## WORK INSTRUCTIONS
As you reproduce every line below, keep it exactly as written and leave out the images.

##### DATASET CONTENT

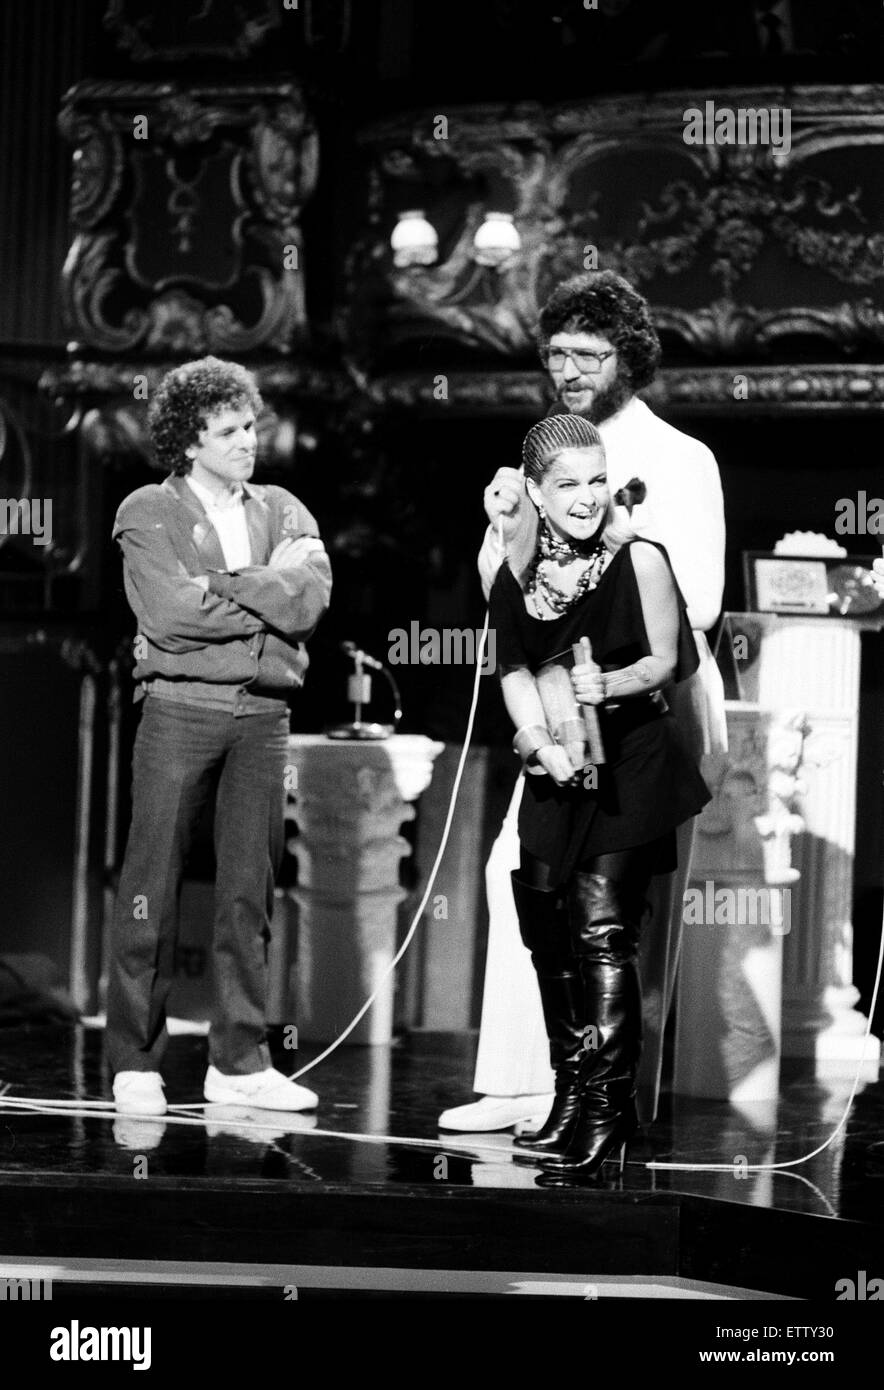 Daily Mirror British Rock & Pop Awards at The Lyceum, London. Toyah Willcox receiving 'Best Female Singer of 1981' award. Pictured on stage with Leo Sayer and Dave Lee Travis. 23rd February 1982. Stock Photo
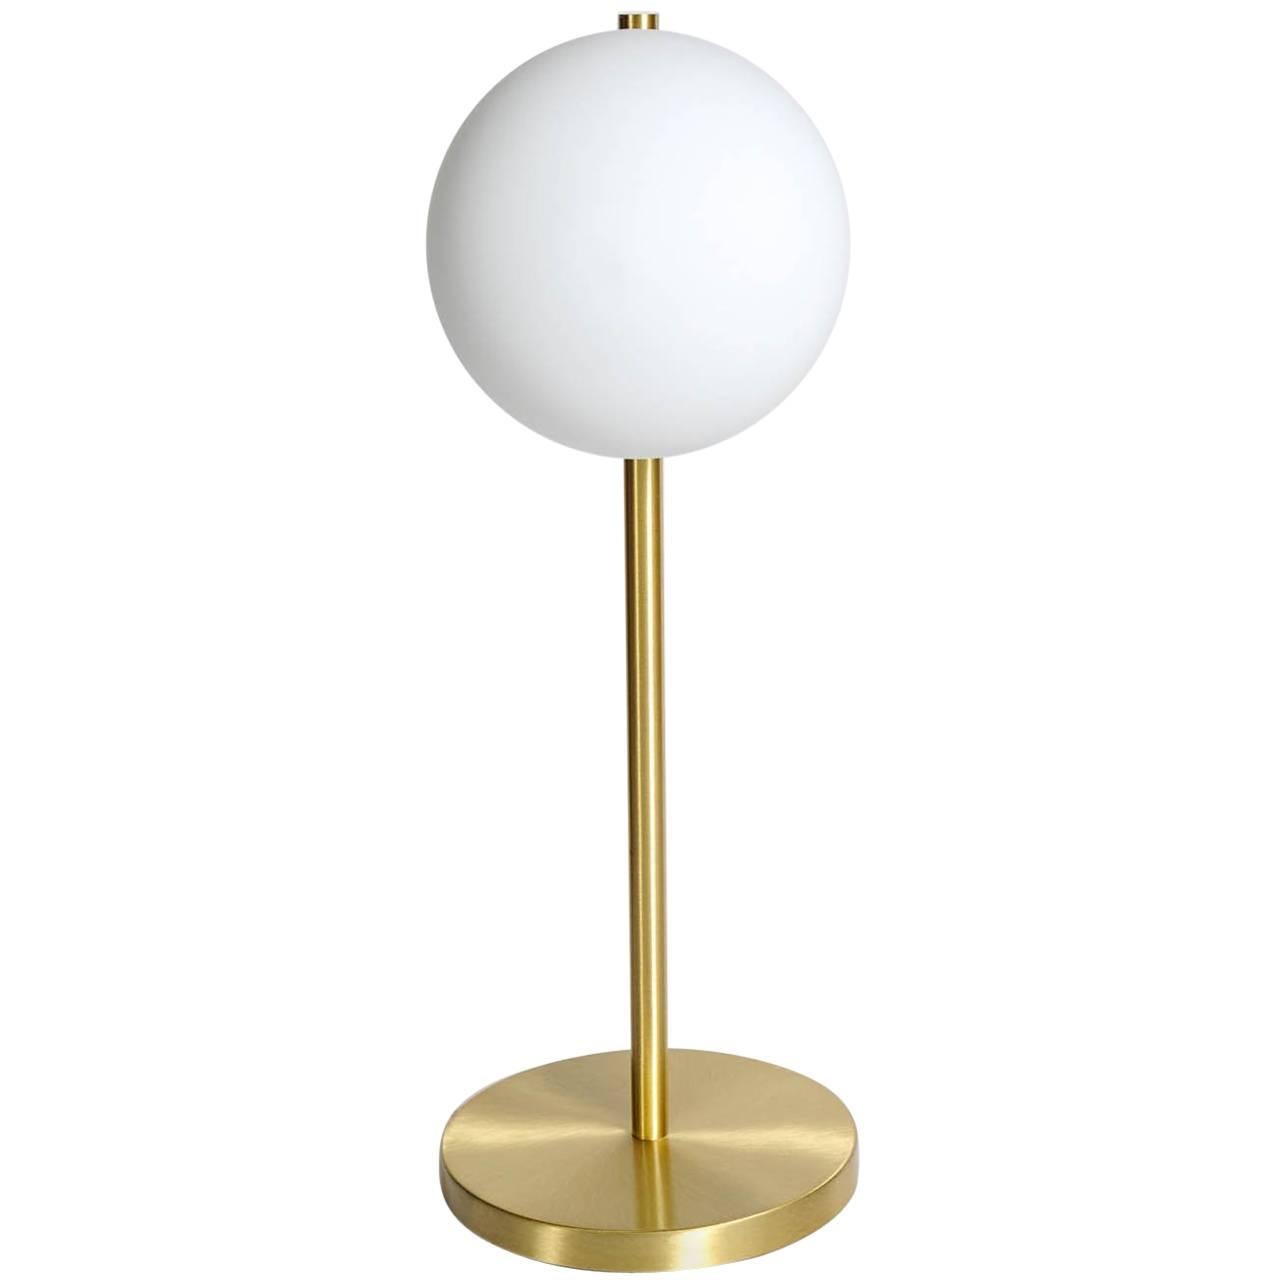 Satin Brass Table Lamp with Round White Glass Globe
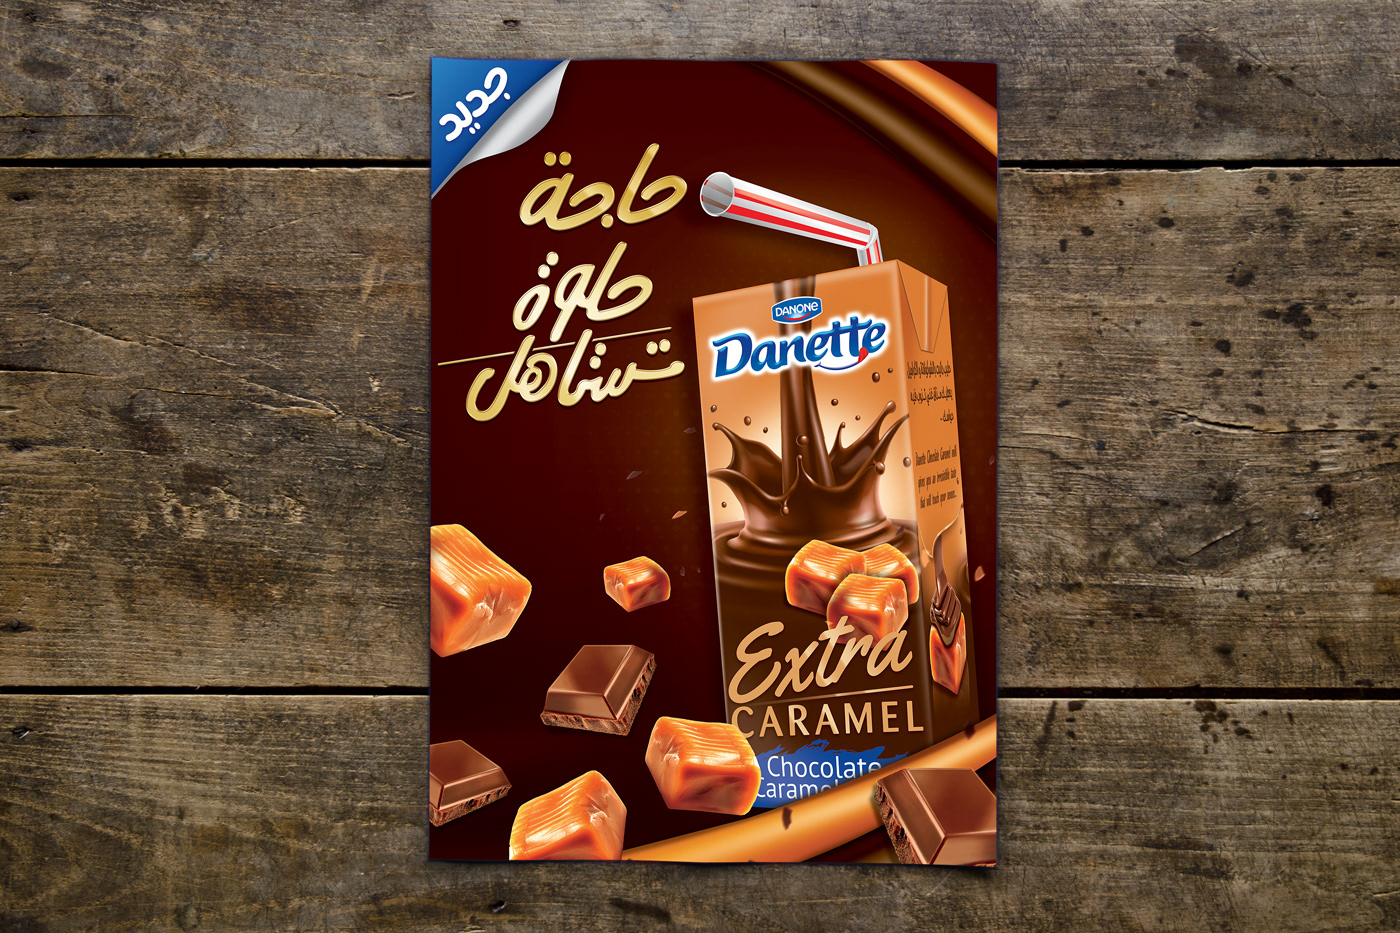 Danette Extra Caramel Advertising  launching campaign posm Drink Floor Display Floor Stand
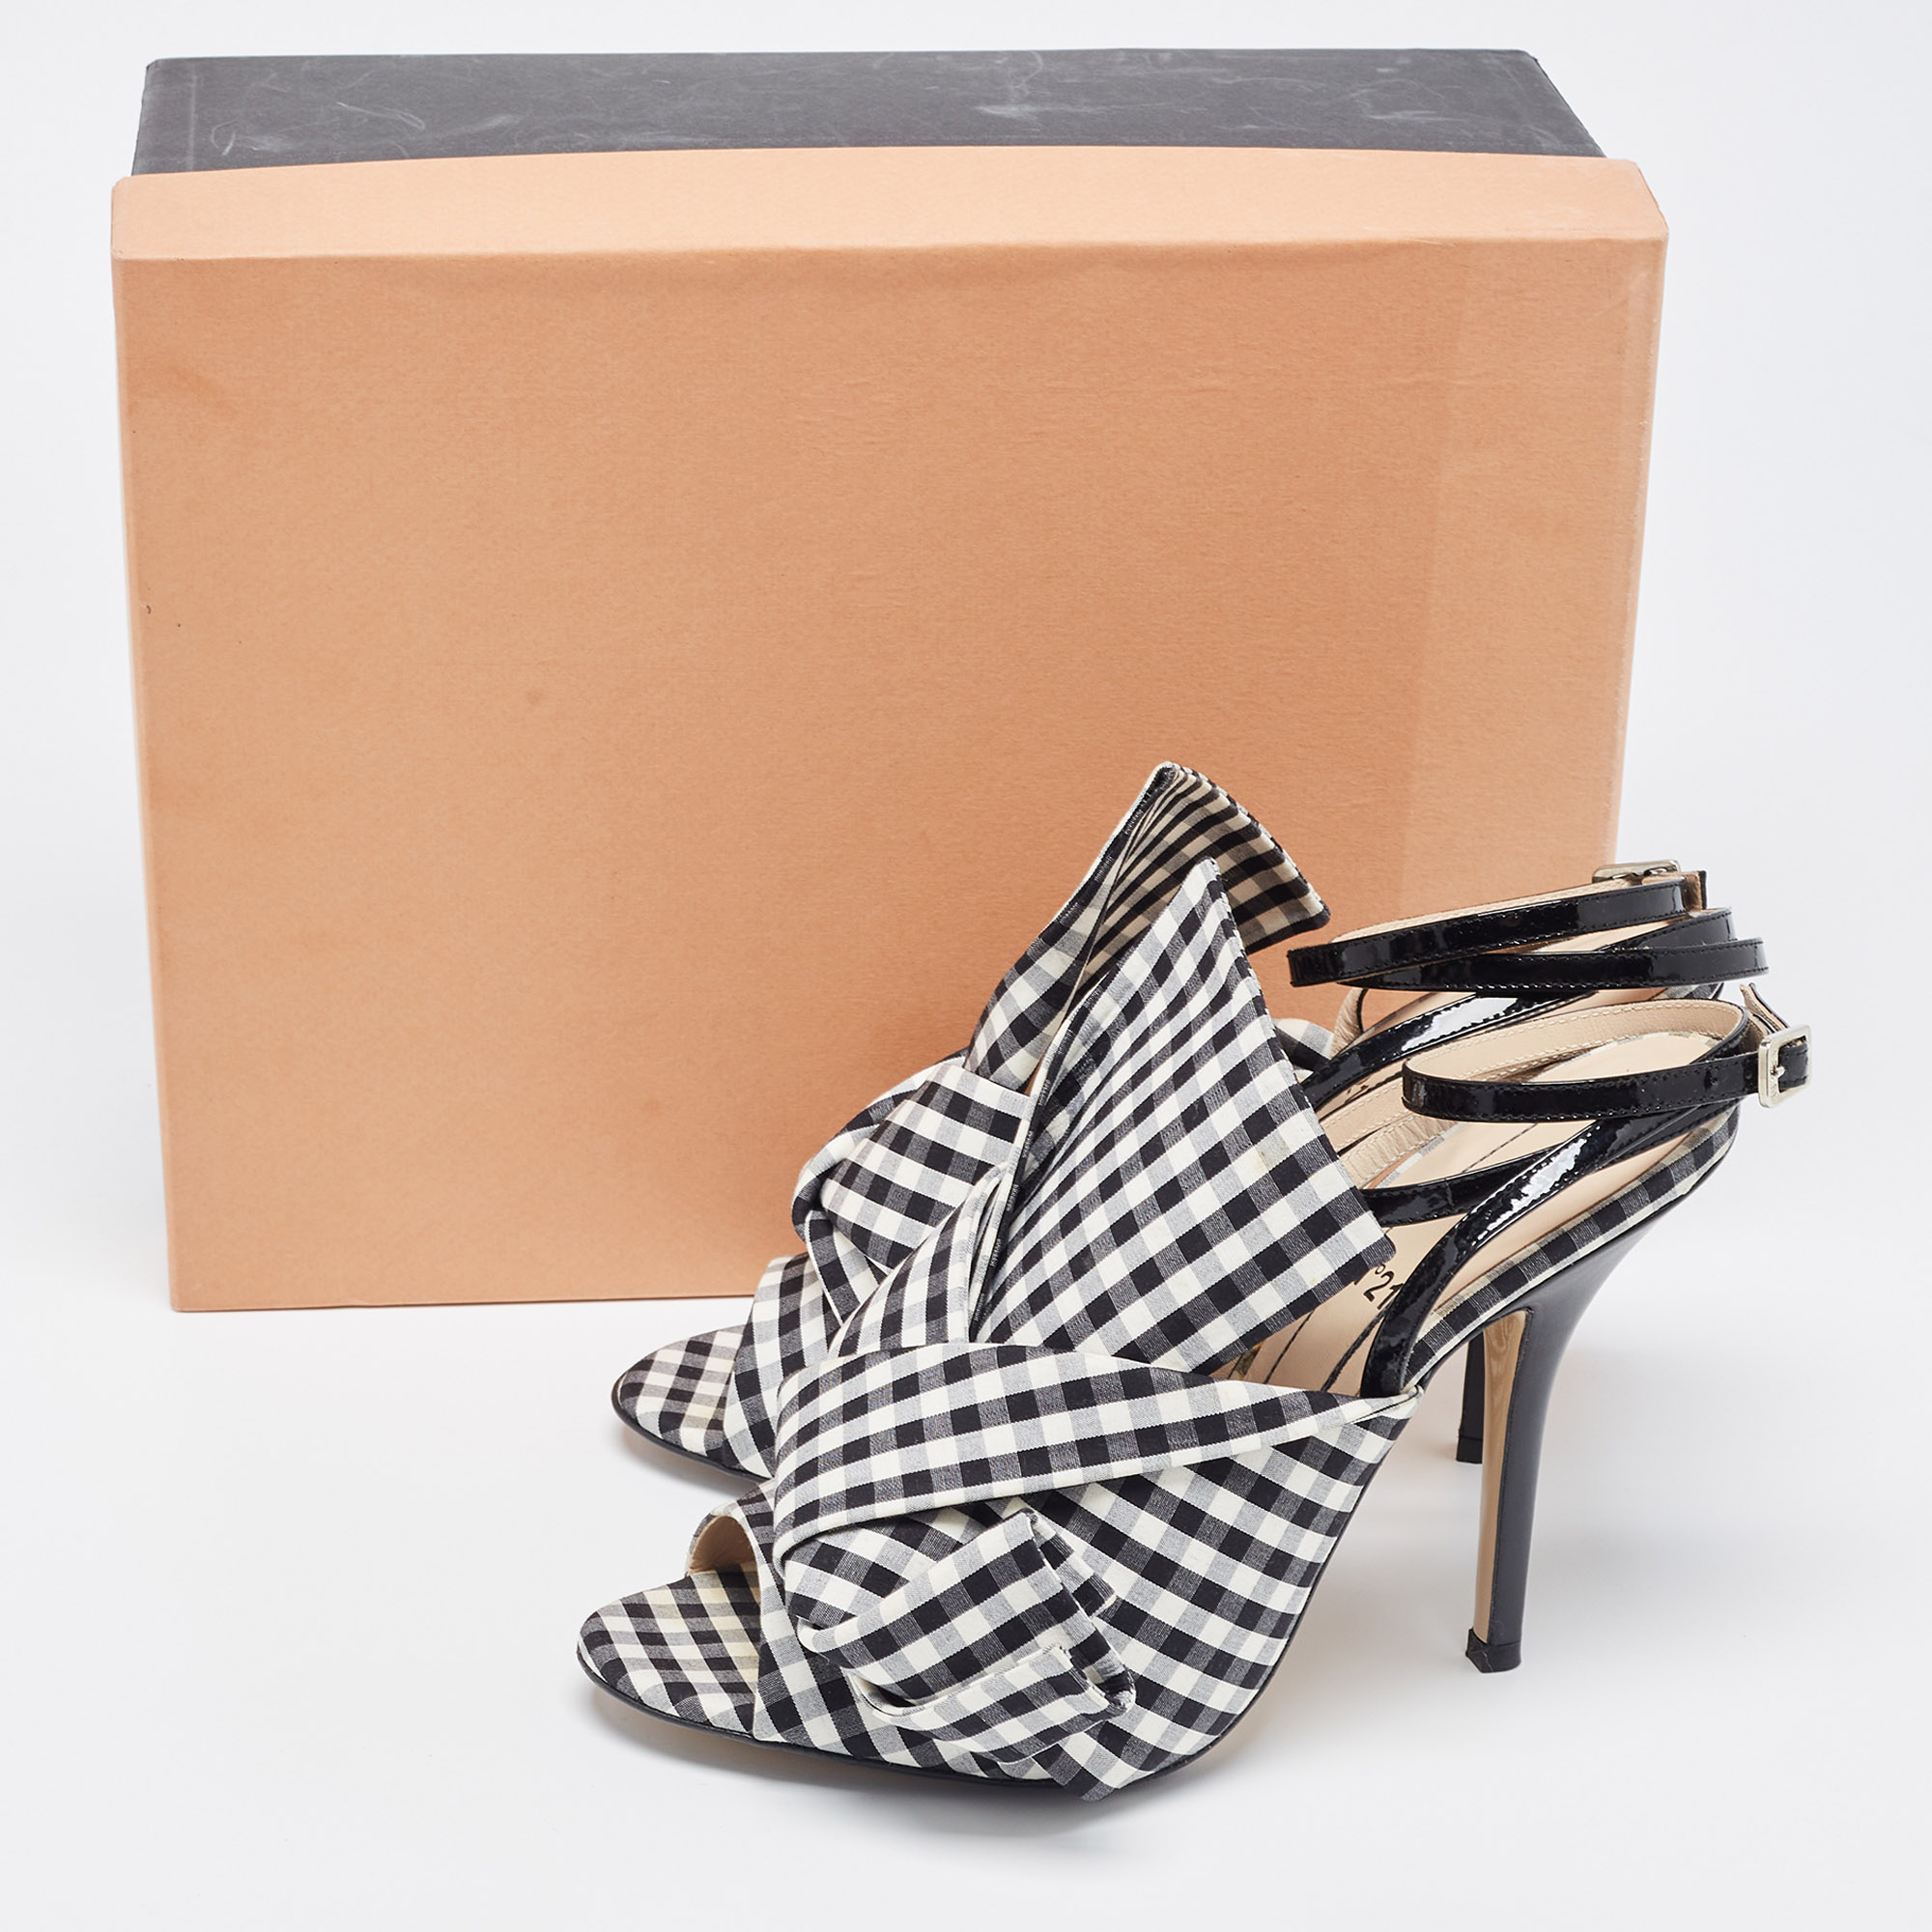 N21 Black/White Fabric Gingham Ankle Wrap Peep Toe Sandals Size 38.5

##########

## ANSWER AREA
 Daily Mirror British Rock & Pop Awards at The Lyceum, London. Toyah Willcox receiving 'Best Female Singer of 1981' award. Pictured on stage with Leo Sayer and Dave Lee Travis. 23rd February 1982. Stock Photo
 Satin Brass Table Lamp with Round White Glass Globe
 Danette Extra Caramel Advertising  launching campaign posm Drink Floor Display Floor Stand
 N21 Black/White Fabric Gingham Ankle Wrap Peep Toe Sandals Size 38.5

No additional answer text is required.